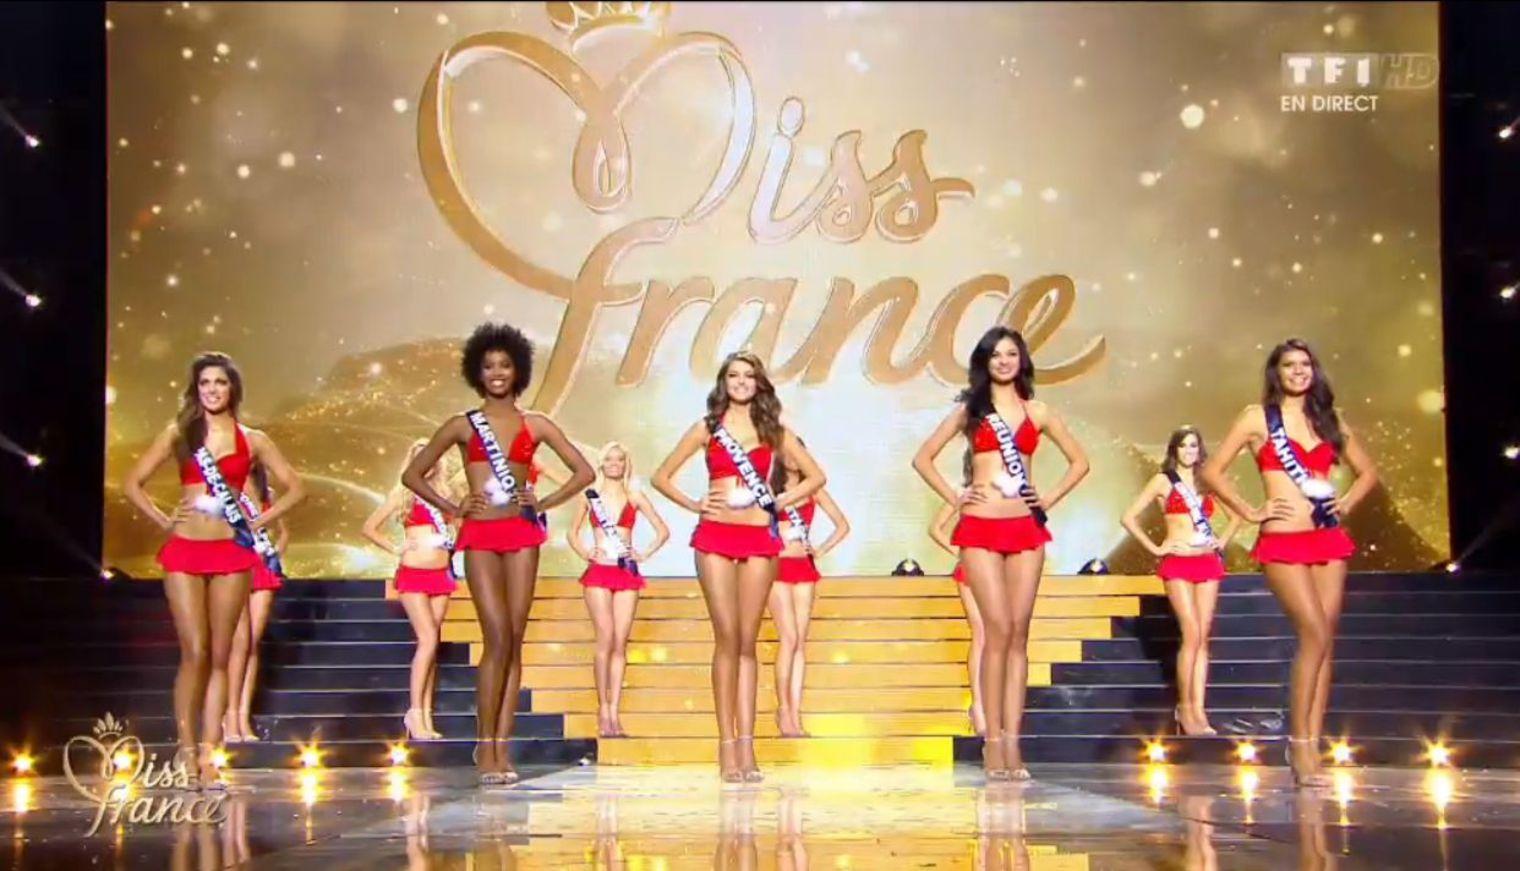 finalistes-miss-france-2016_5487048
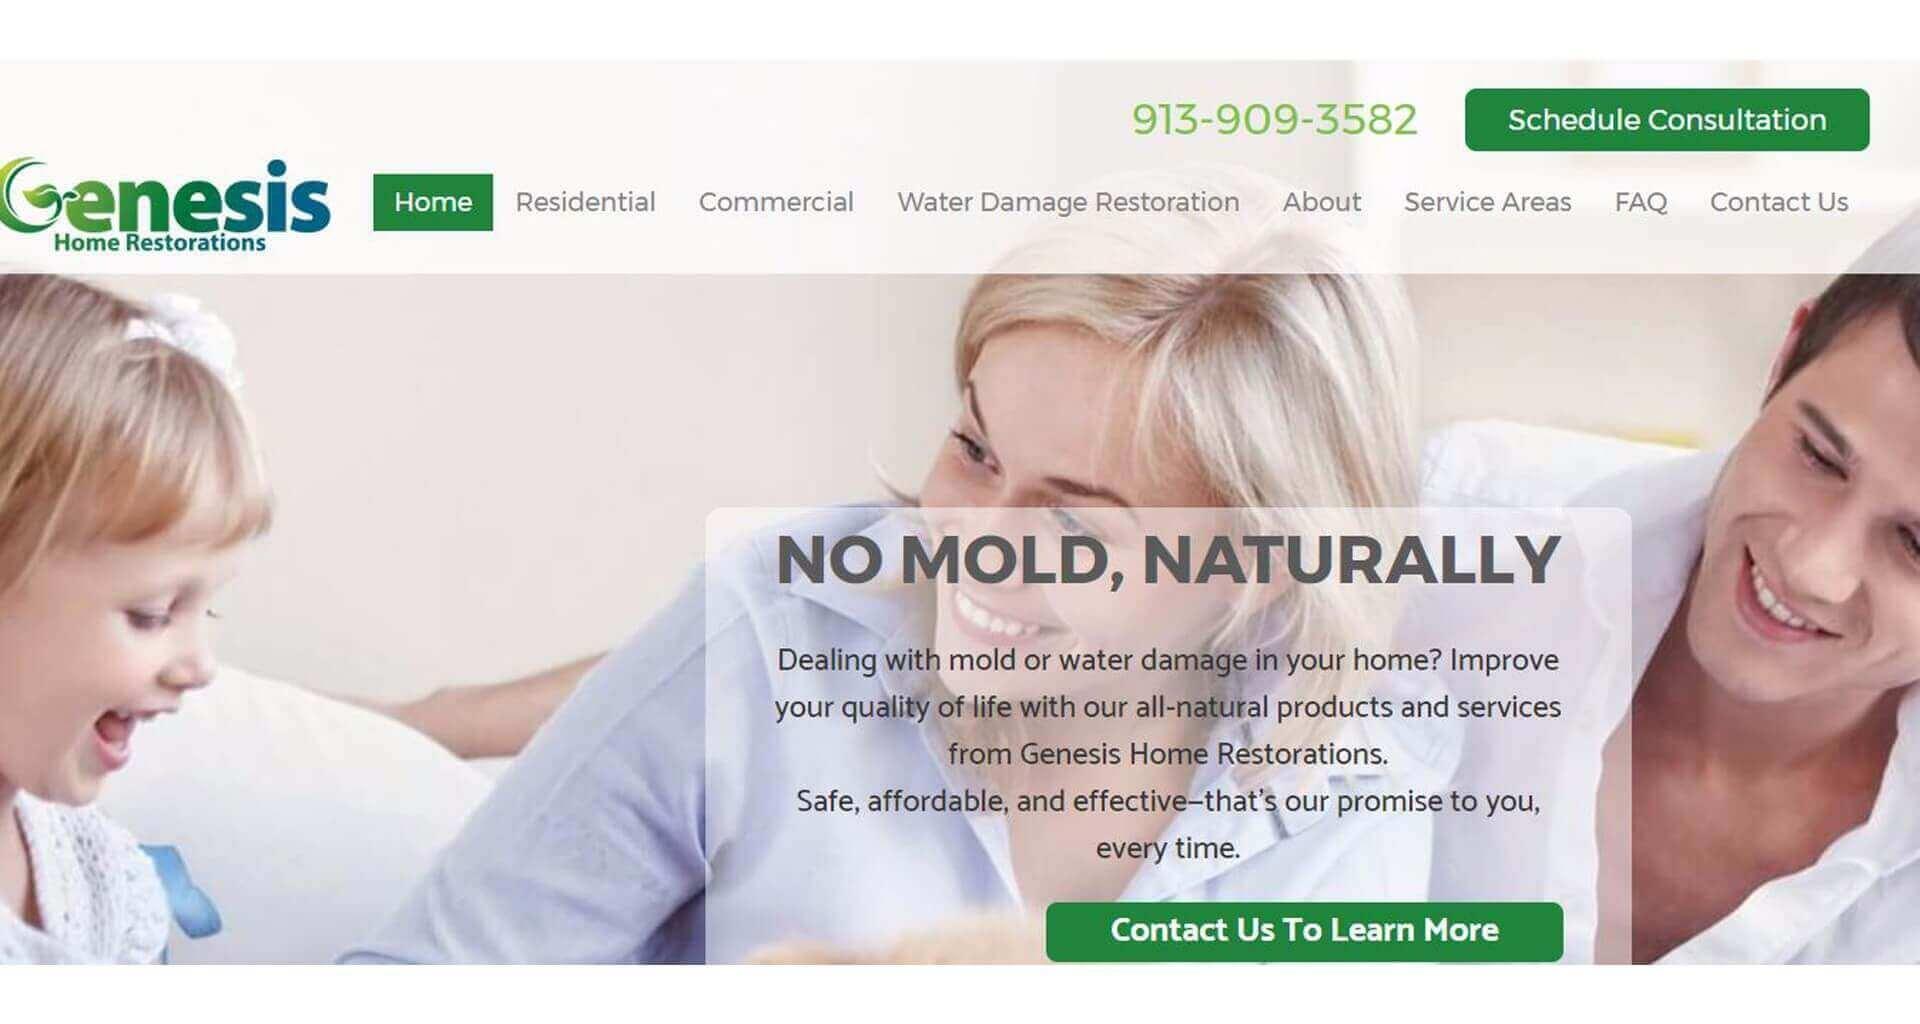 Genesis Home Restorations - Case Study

==

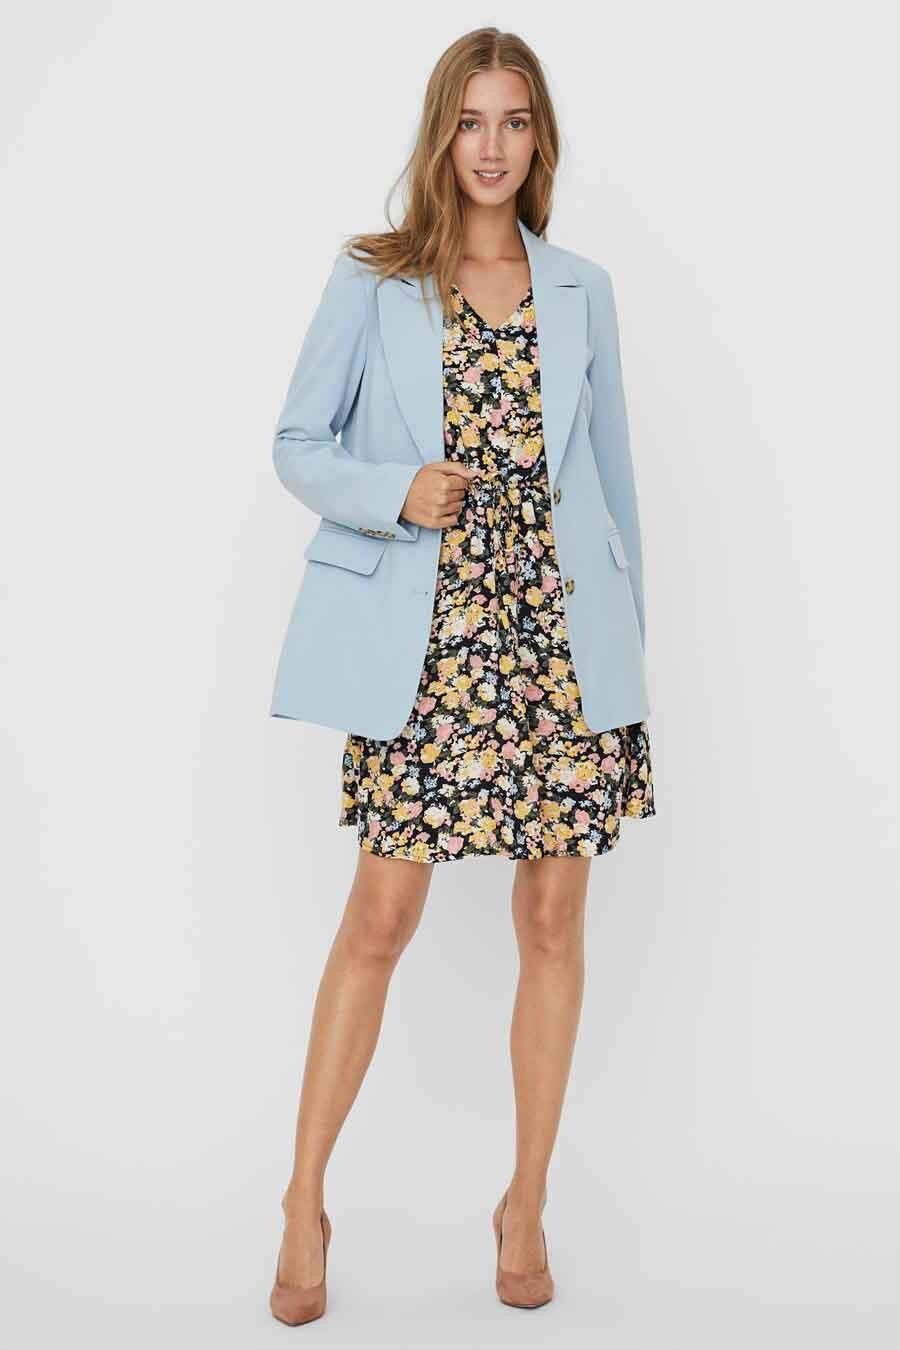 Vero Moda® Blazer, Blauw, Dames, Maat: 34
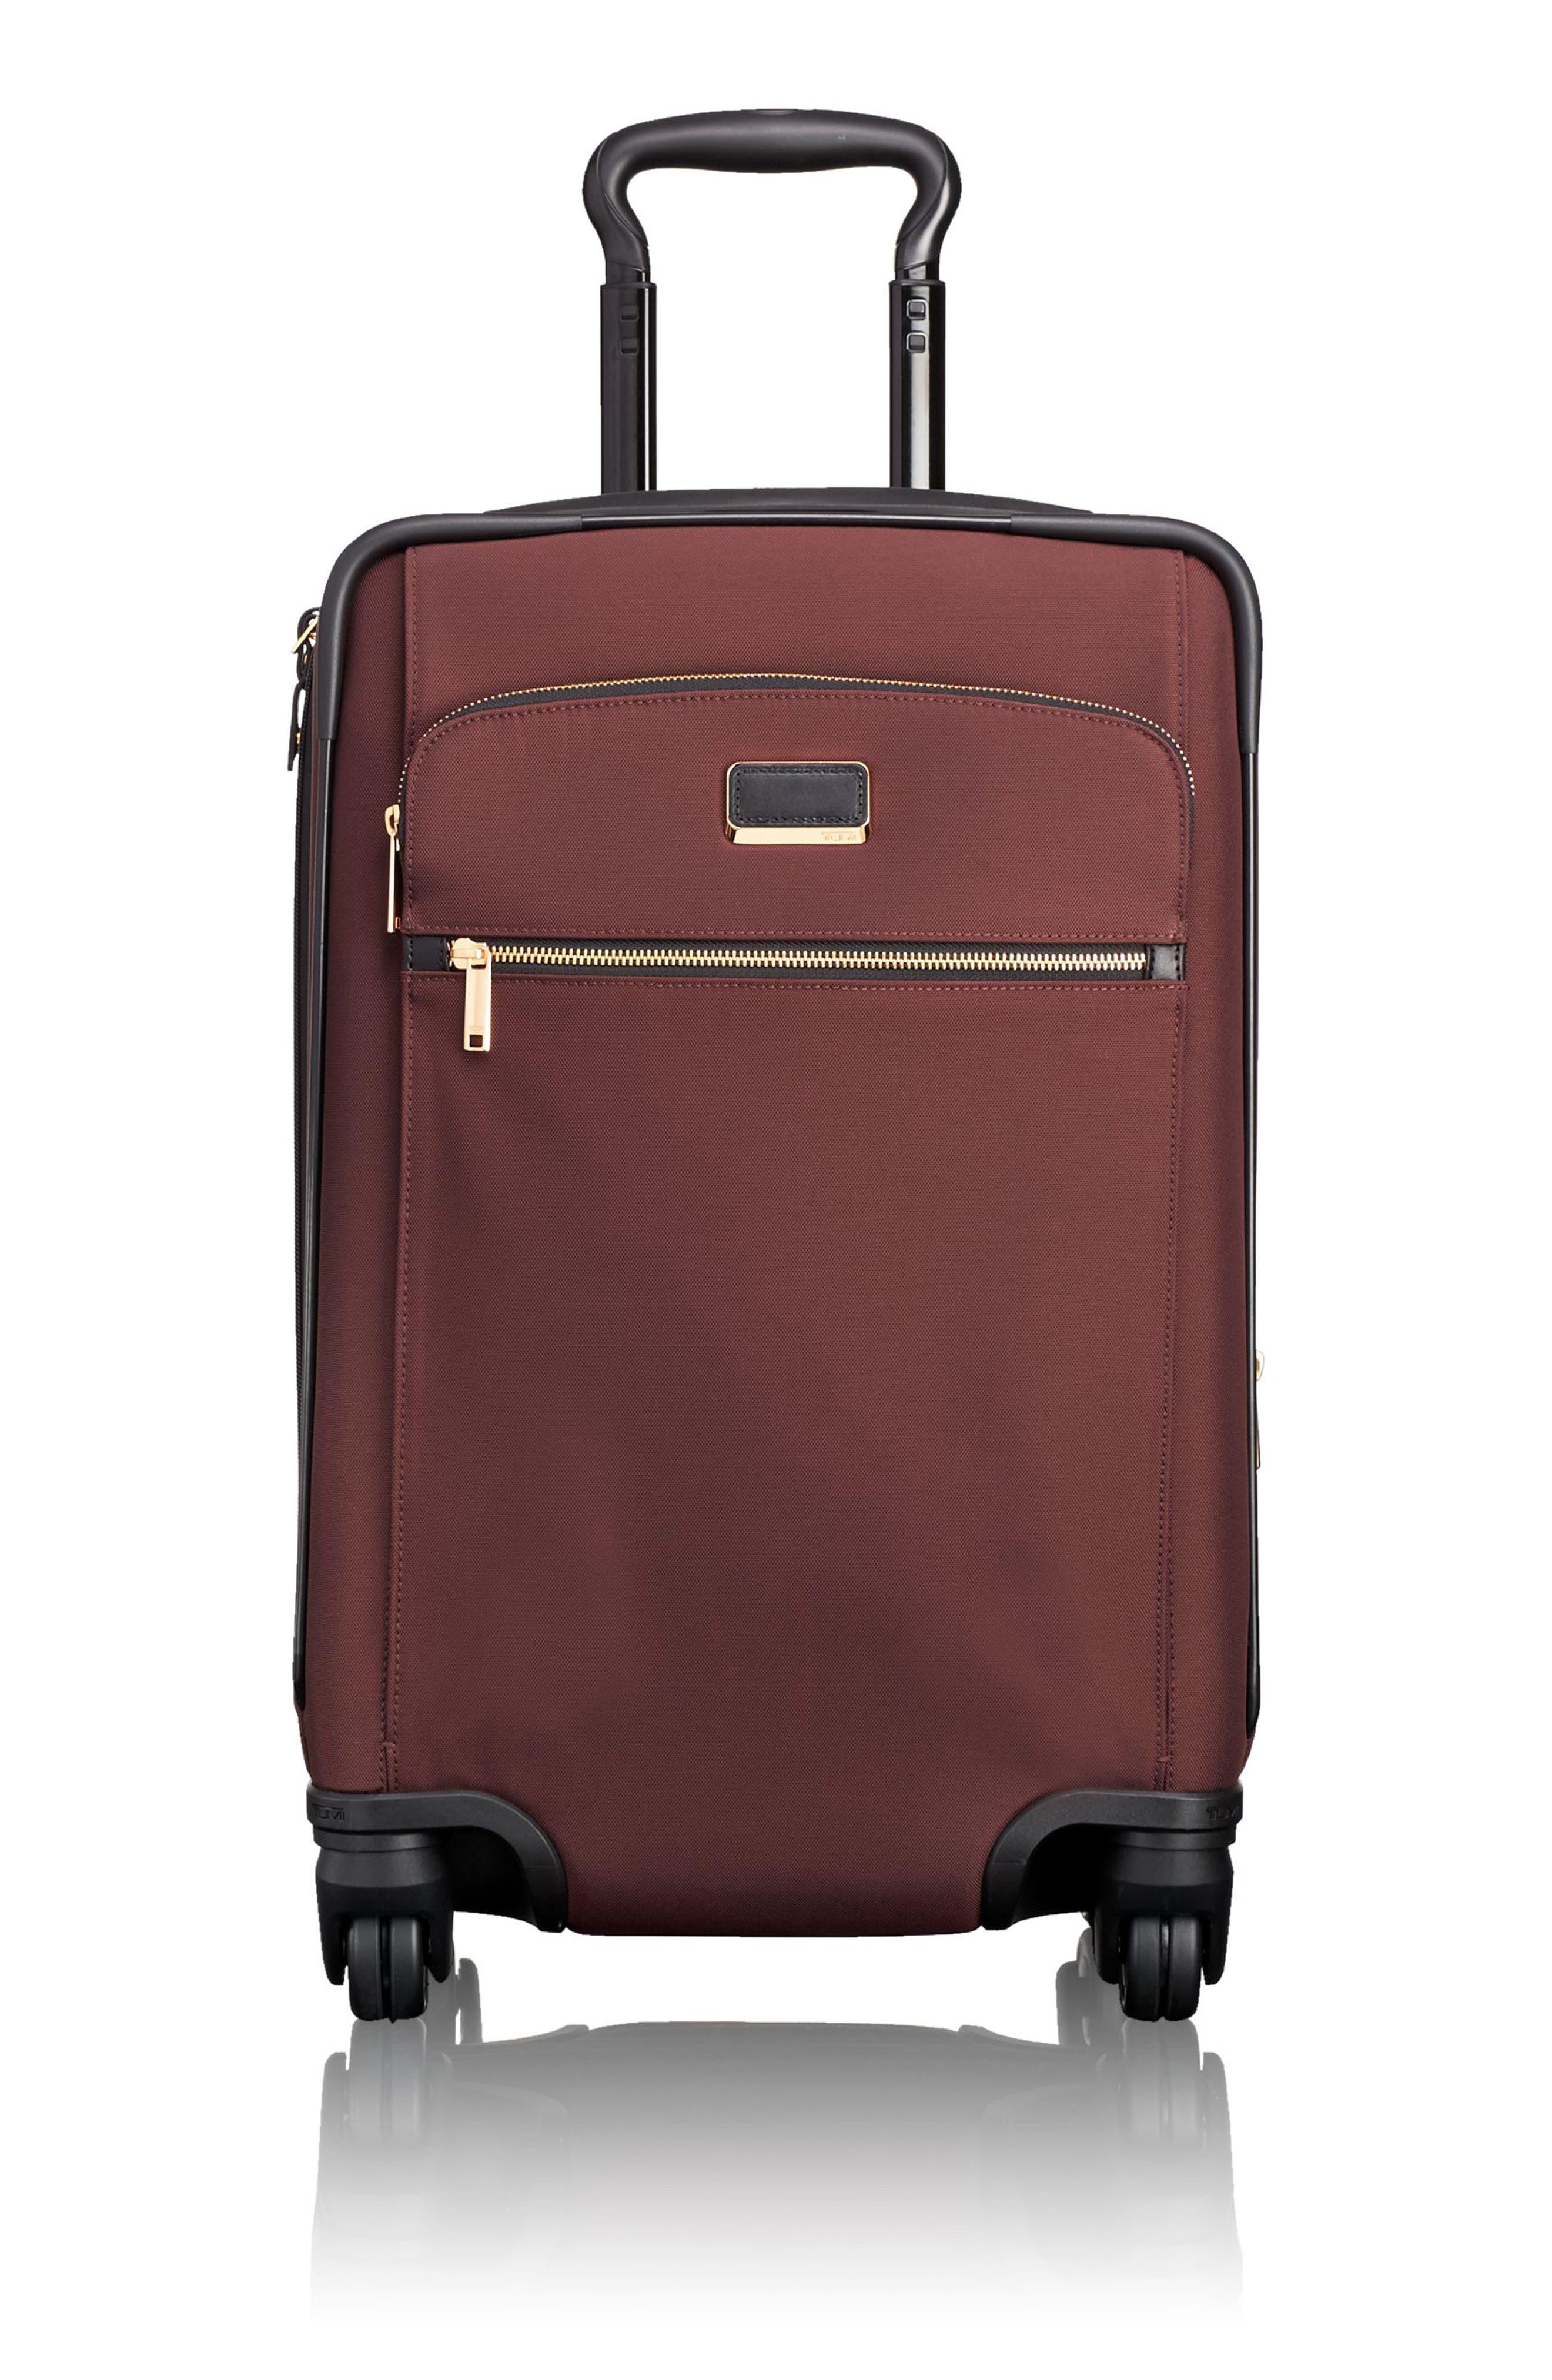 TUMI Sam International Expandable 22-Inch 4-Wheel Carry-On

TASK - Everything above from the line with "finalistes-miss-france-2016_5487048" through the line with "Genesis Home Restorations - Case Study" should be retyped exactly, and nothing else; omit pictures.

REPLY TO THE TASK -
 finalistes-miss-france-2016_5487048
 Genesis Home Restorations - Case Study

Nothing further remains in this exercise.